Regional Football League
- Sport: American football
- Founded: 1997
- First season: 1999
- Folded: 1999
- Commissioner: John "Gus" Bell Ron Floridia
- No. of teams: 6
- Country: United States
- Headquarters: Framingham, MA Mobile, AL
- Last champion: Mobile Admirals (1999)
- Broadcaster: none

= Regional Football League =

Professional American football league

The Regional Football League (RFL) was an American football minor league formed to be the self-styled "major league of spring football." Established in 1997, the league played a single season, 1999, and then ceased operations.

==History==
The RFL season was designed for spring-summer play with teams based primarily in the Southern United States. The debut season was originally slated to begin in March 1998, however this was delayed by a year. The league adopted rules consistent with professional football of the era, with some exceptions:
- running clock until the last two minutes of each half
- one offensive player allowed to be in motion towards the line of scrimmage at the snap
- ball placed at the 20-yard-line for extra point attempts
- receivers only need one foot in bounds to complete a catch

The league's inaugural (and only) season was 1999, where each of its six teams was scheduled to have training camp and two preseason games in early April, followed by 12 regular season games; a postseason would follow in July. The league held its first regular season games on April 17, 1999. Financial constraints forced the league to reduce player salaries at the end of April, due to low attendance at games. In late May, the league announced that the regular season would be shortened by three games, with the championship game held in late June. Ultimately, the league only played an eight-week regular season. Near the end of the shortened season, the league cancelled a contest between New Orleans and Ohio, and Shreveport forfeited a game, both due to financial concerns. Four teams qualified for the playoffs, and on June 20, 1999, the Mobile Admirals defeated the Houston Outlaws, 14–12, in the championship game, RFL Bowl I, which was played at Ladd–Peebles Stadium in Mobile, Alabama.

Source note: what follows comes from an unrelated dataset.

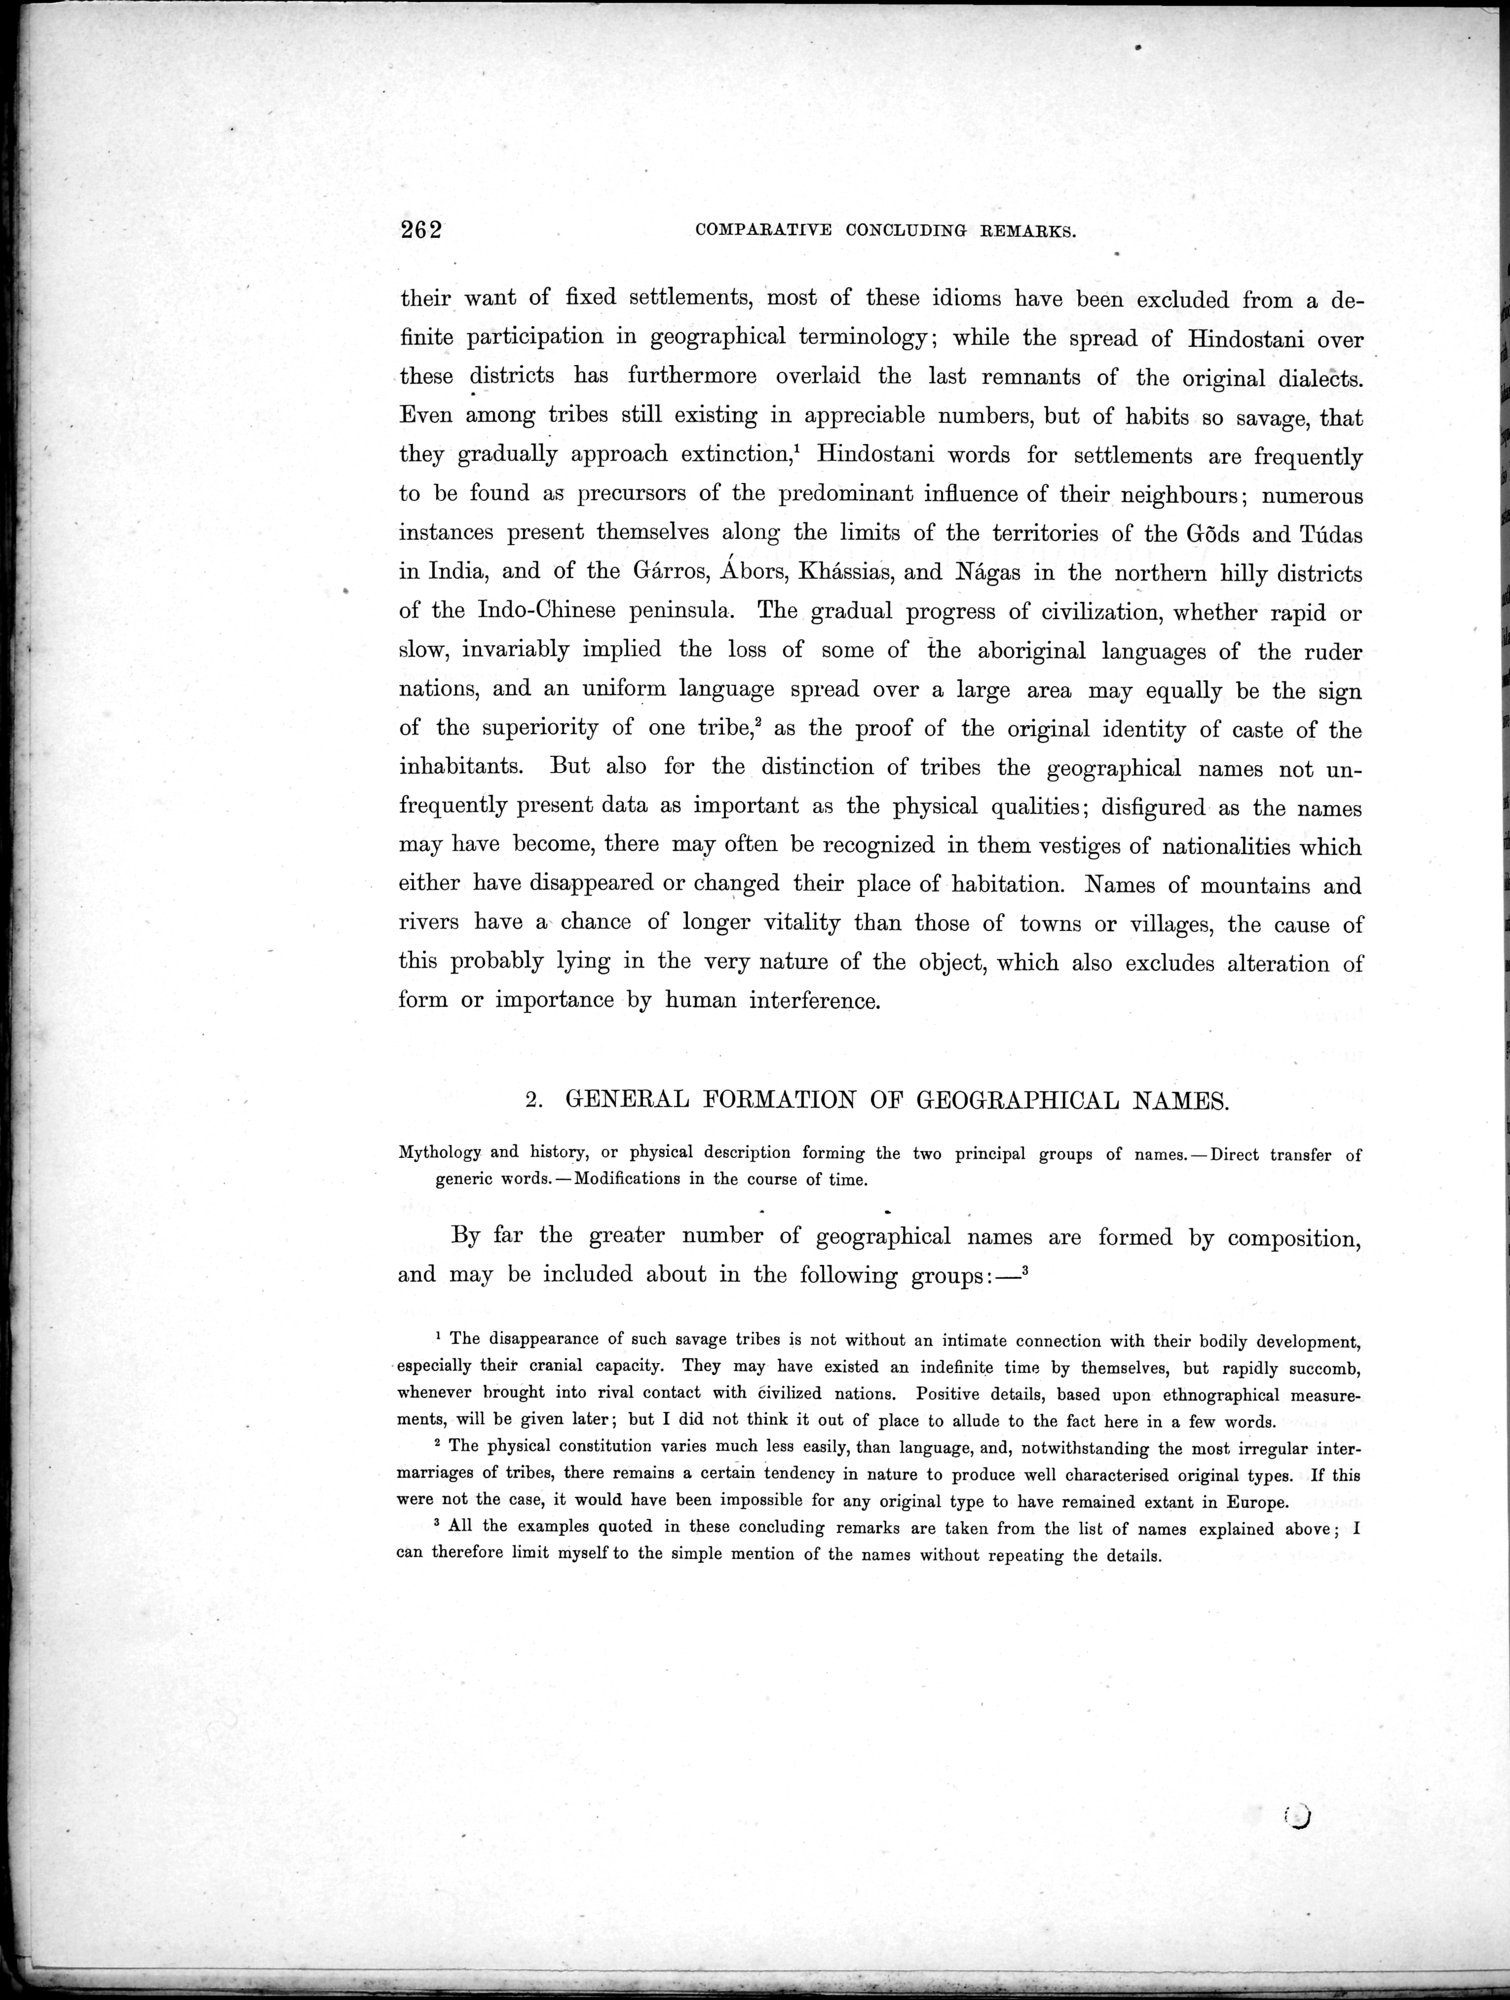 Results of a Scientific Mission to India and High Asia : vol.3 / Page 294 (Grayscale High Resolution Image)

RFL rosters were limited to 37 active players and five practice squad members with salaries in the range of $30,000 to $65,000 per player and team salary caps of $1,500,000. The league held a draft where each team could only draft from their respective region in hopes that fans would turn out to see players they'd followed in college. Players who had been with college football programs in the south such as Jason Martin (Louisiana Tech), Stewart Patridge (Ole Miss), Raymond Philyaw (Northeast Louisiana), Marquette Smith (Central Florida) and Sherman Williams (Alabama) were signed to southern RFL teams, while players like Ricky Powers (Michigan), Corey Croom (Ball State), and Skip Tramontana (Miami University) were assigned to the Ohio franchise based in Toledo. Patridge, playing for Mississippi, was the all-RFL quarterback, while running back Williams was the league MVP with Mobile. This regional approach worked at the outset of play, as evidenced fan interest in the league at the start of the season.

The first commissioner of the league was John "Gus" Bell, who was succeeded by Ron Floridia in May 1999. The league did not secure a television contract, and only one game was ever televised—the May 8, 1999, New Orleans Thunder at Mobile Admirals contest on WHNO, a mainly-religious television station in New Orleans.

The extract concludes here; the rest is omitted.